Optimization is the core of SFT, and hyperparameter selection directly affects generalization:

  1. Learning Rate and Training Steps: Too high easily leads to overfitting on surface patterns, too low fails to learn sufficiently; their interaction may cause "spurious generalization".
  2. Optimizer Selection: Implicit regularization effect is key; optimizers like AdamW that tend to flat loss basins have better generalization.
  3. Batch Size: Large batches have stable gradients but easily fall into sharp local optima; small batches have beneficial noise but unstable training—trade-offs significantly affect generalization.
4

Section 04

Data Dimension: Conditional Analysis of Diversity, Quality, and Scale

Data determines the upper limit of SFT learning:

  1. Diversity: Needs dual-dimensional diversity in domains (different reasoning tasks) and difficulty (simple to complex).

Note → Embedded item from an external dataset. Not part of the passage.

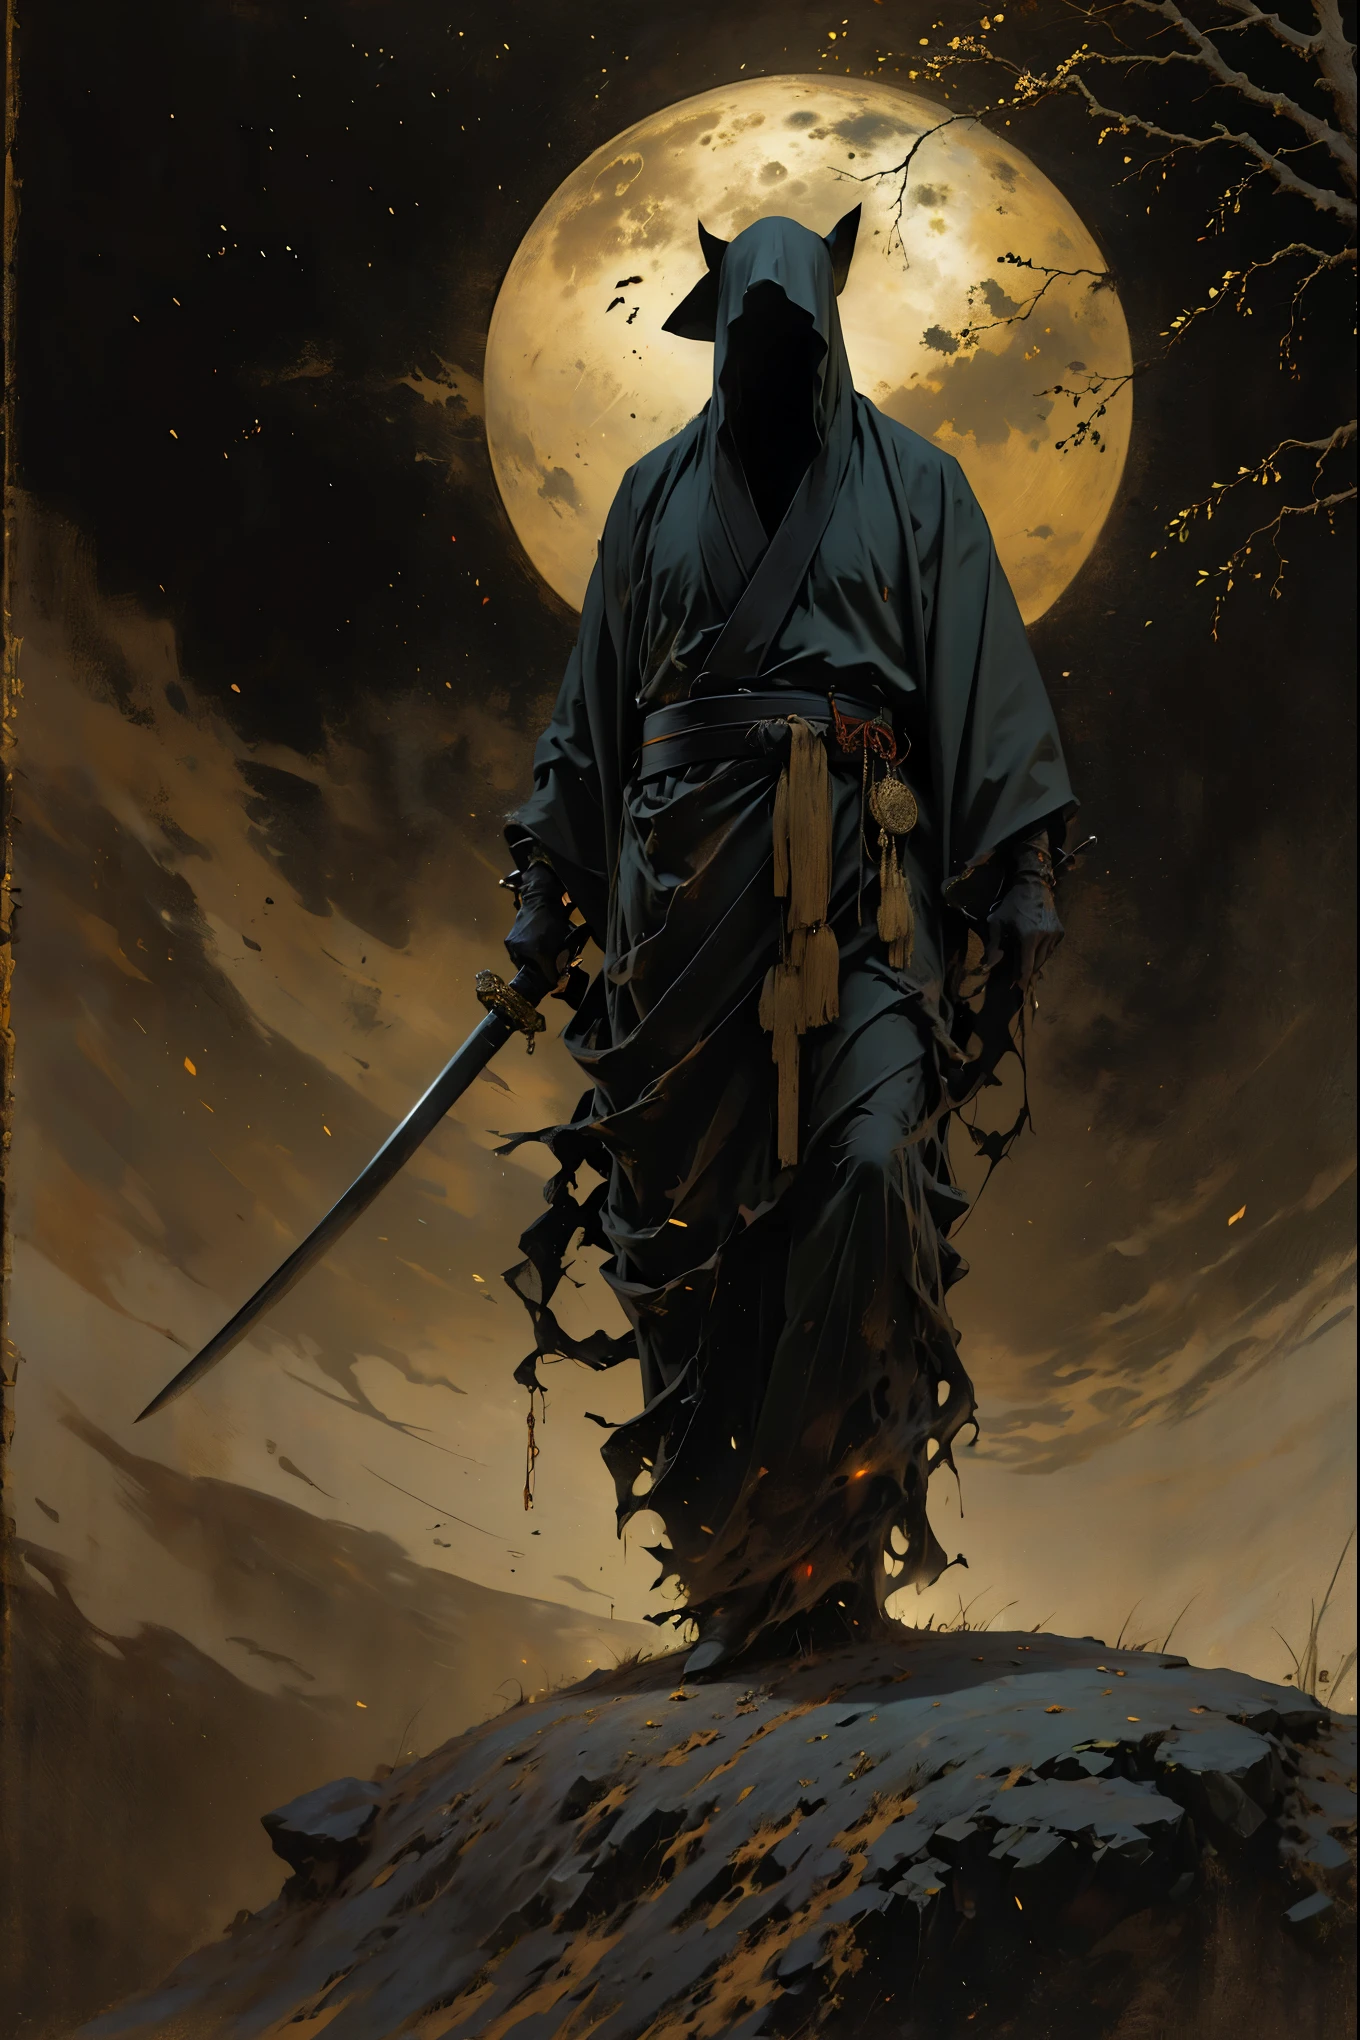 (beste Qualität, 4k, highres, Meisterwerk:1.2), ultra-detailliert, (Realistisch, photoRealistisch, photo-Realistisch:1.37), ein als Samurai verkleideter Mann steht im Regen, Einen Bambushut tragen (scheitern) auf seinem Kopf. Er ist von einem dichten Wald umgeben, lebendig mit den Geräuschen der Natur. Es ist eine mondhelle Nacht, und die Dunkelheit trägt zur geheimnisvollen Atmosphäre bei. Der Mann trägt einen schwarzen Kimono mit neonroten Streifen, die im Dunkeln leuchten, lässt ihn aus der Szene hervorstechen. Sein Schwert (Katana) ist aus der Scheide, einsatzbereit angesichts drohender Katastrophen.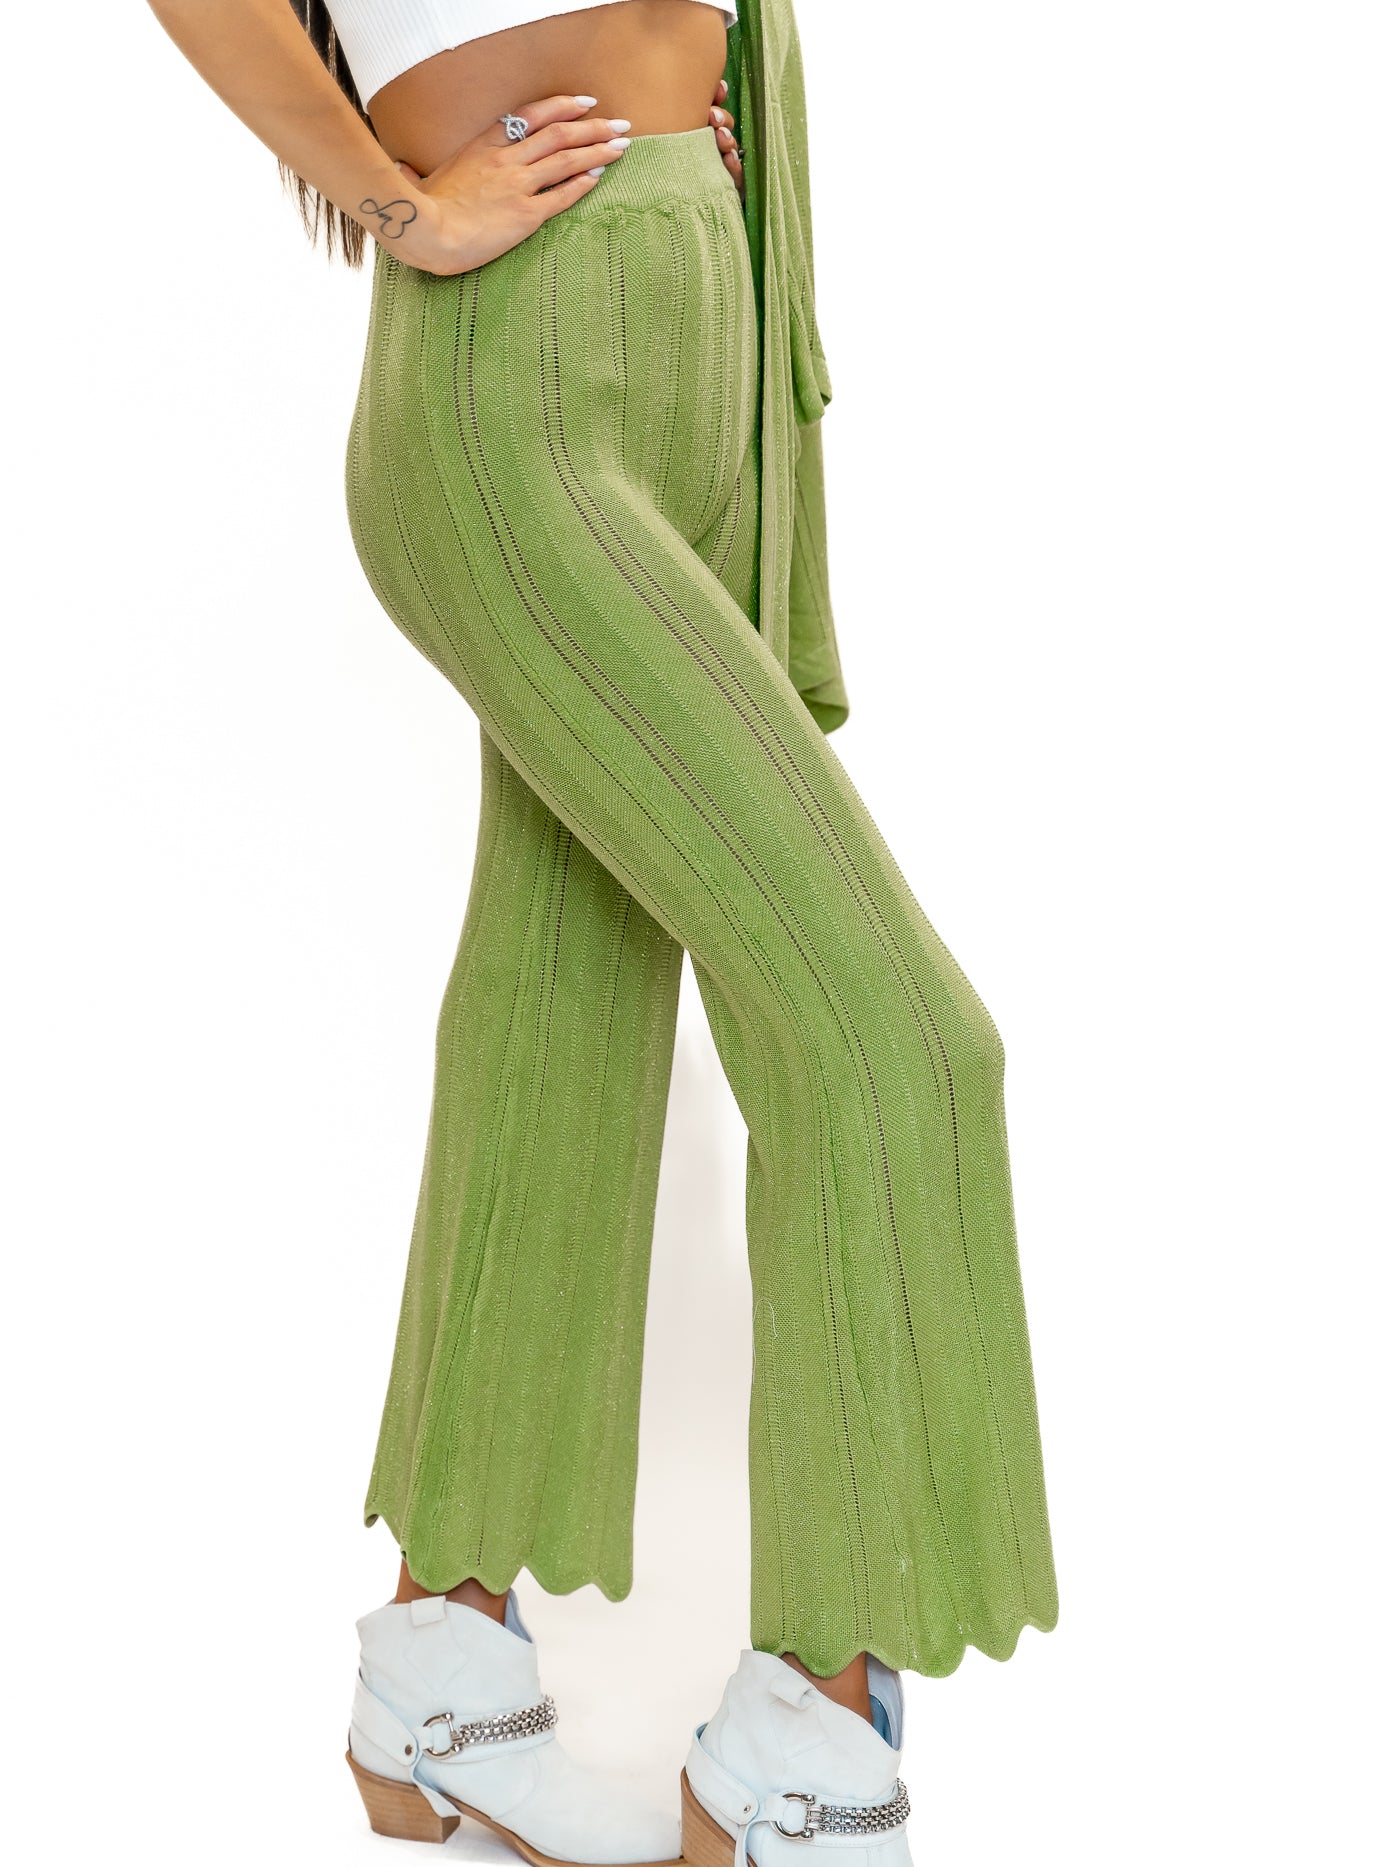 Compleu femei pantaloni și cardigan verde

Purely difficult data easily leads to overfitting; appropriate simple data helps build basic reasoning abilities.
  2. Quality and Noise: Noise like incorrect annotations and inconsistent formats interferes with learning; the stronger the model capability, the higher its robustness to noise.
  3. Scale and Saturation: Data scale improves performance but has diminishing marginal returns (saturation effect); the saturation point is related to model capability and optimization configuration.
5

Section 05

Model Capability Dimension: Role of Pre-training, Scale, and Architecture

Model capability is the foundation of generalization:

  1. Pre-training Quality: The general capabilities of pre-training (world knowledge, reasoning priors) affect generalization more than scale; a small model with high-quality pre-training may outperform a large model with low-quality pre-training.
  2. Scale and Emergence: When model scale reaches a threshold, reasoning/generalization abilities "emerge"; below the threshold, model generalization is limited, and above it, SFT can unlock potential.
  3. Architecture Design: Dense vs MoE, attention mechanisms, etc., affect generalization; deeper networks and better positional encoding are positively correlated with generalization.
6

Section 06

Three-Factor Interaction Effect: Synergistic Impact of Optimization, Data, and Model

The interaction of the three factors is complex:

  1. Optimization-Data: High-noise data requires conservative learning rates/early stopping; large-scale data benefits from large batches/long training; high-difficulty data needs fine-grained learning rate scheduling.
  2. Optimization-Model: Strong models can use aggressive optimization (large learning rate/long training); weak models need cautious strategies.
  3. Data-Model: Strong models need less but high-quality data; weak models need more data but are robust to noise.
  4. Three-Factor Combination: A matched combination (strong model + high-quality data + optimal configuration) has far better generalization than the sum of individual parts; mismatched combinations waste resources.
7

Section 07

Practical Recommendations and Future Research Directions

Practical Guidance:

  • Data: Prioritize diversity (domain + difficulty) and quality over quantity; cover the distribution of target scenarios.
  • Optimization: Adjust parameters based on model capability/data; use aggressive configurations for strong models and conservative ones for weak models.
  • Model: Choose architectures with high pre-training quality and relevant priors.
  • Configuration: Use the conditional framework to guide hyperparameter search.

Limitations and Future:

  • Limitations: Only targets specific reasoning tasks and does not involve subsequent stages like RLHF.
  • Directions: Expand to more domains; study generalization in multi-stage training; develop automated configuration recommendations; explore the impact of model merging.